Wrong. You should have a byte buffer of bits into which you write your bits. Write the three bits 110 into the byte. (You will need to decide on a convention for bit ordering in the byte.) You still have five unused bits in the byte, so there it sits. Now you write 10 into the buffer. The byte buffer now has 11010, and three unused bits. So still it sits. Now you try to write 111011 into the byte buffer. The first three bits go into the byte buffer, giving you 11010111. You now have filled the buffer, so only now do you write out your byte to the file. You are left with 011. You clear your byte buffer of bits since you wrote it out, and put in the remaining 011 from your last code. Your byte buffer now has three bits in it, and five bits unused. Continue in this manner.
The buffer does not have to be one byte. 16-bit or 32-bit buffers are common and are more efficient. You write out bytes whenever the bits therein are eight or more, and shift the remaining 0-7 bits to the start of the buffer.
The only tricky part is what to do at the end, since you may have unused bits in your last byte. Your Huffman codes should have an end symbol to mark the end of the stream. Then you know when you should stop looking for more Huffman codes. If you do not have an end code, then you need to assure somehow that either the remaining bits in the byte cannot be a complete Huffman code, or you need to indicate in some other way where the stream of bits end.
I have implemented the Huffman Encoding Algorithm in Java using Priority Queues where I traverse the Tree from Root to Leaf and get encoding example as #=000011 based on the number of times the symbol appears in the input.
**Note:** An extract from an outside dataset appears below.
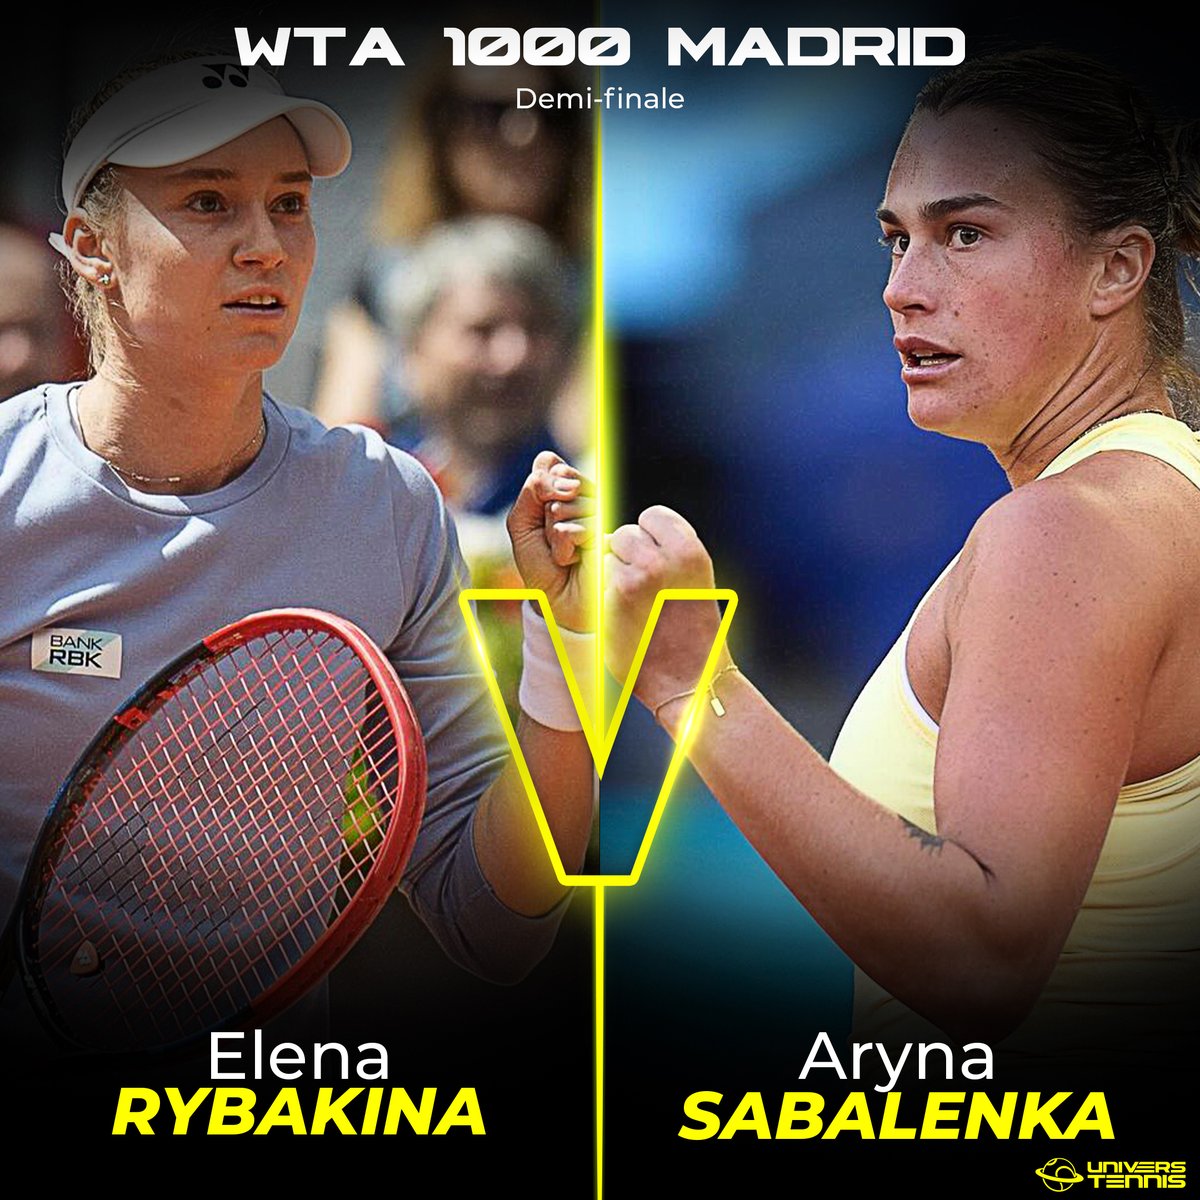 🔒 DEMI-FINALE - WTA 1000 MADRID 🇪🇸 🔥 Elena Rybakina, n°4 mondiale 8 victoires consécutives 🔥 Aryna Sabalenka, n°2 mondiale 10 victoires consécutives à Madrid Qui va s'imposer ? 🍿

Everything is fine, the tree is being built fine, encoding is just as expected: But the output file I am getting is bigger size than the original file. I am currently appending '0' & '1' to a String on traversing left node and right node of the tree. Probably what I end up with uses all 8 bits for each characters and it does not help in compression. I am guessing there is some conversion of these bits into character values which is required. So that these characters use fewer bits than 8 and hence I get a compressed version of the original file. Could you please let me know how to achieve a compression by manipulating characters and reducing bits in Java? Thanks
You're probably using a StringBuilder and appending "0" or "1", or simply the + operator to concatenate "0" or "1" to the end of your string. Or you're using some sort of OutputStream and writing to it.
What you want to do is to write the actual bits. I'd suggest making a whole byte first before writing. A byte looks like this:
0x05
Which would represent the binary string 0000 0011.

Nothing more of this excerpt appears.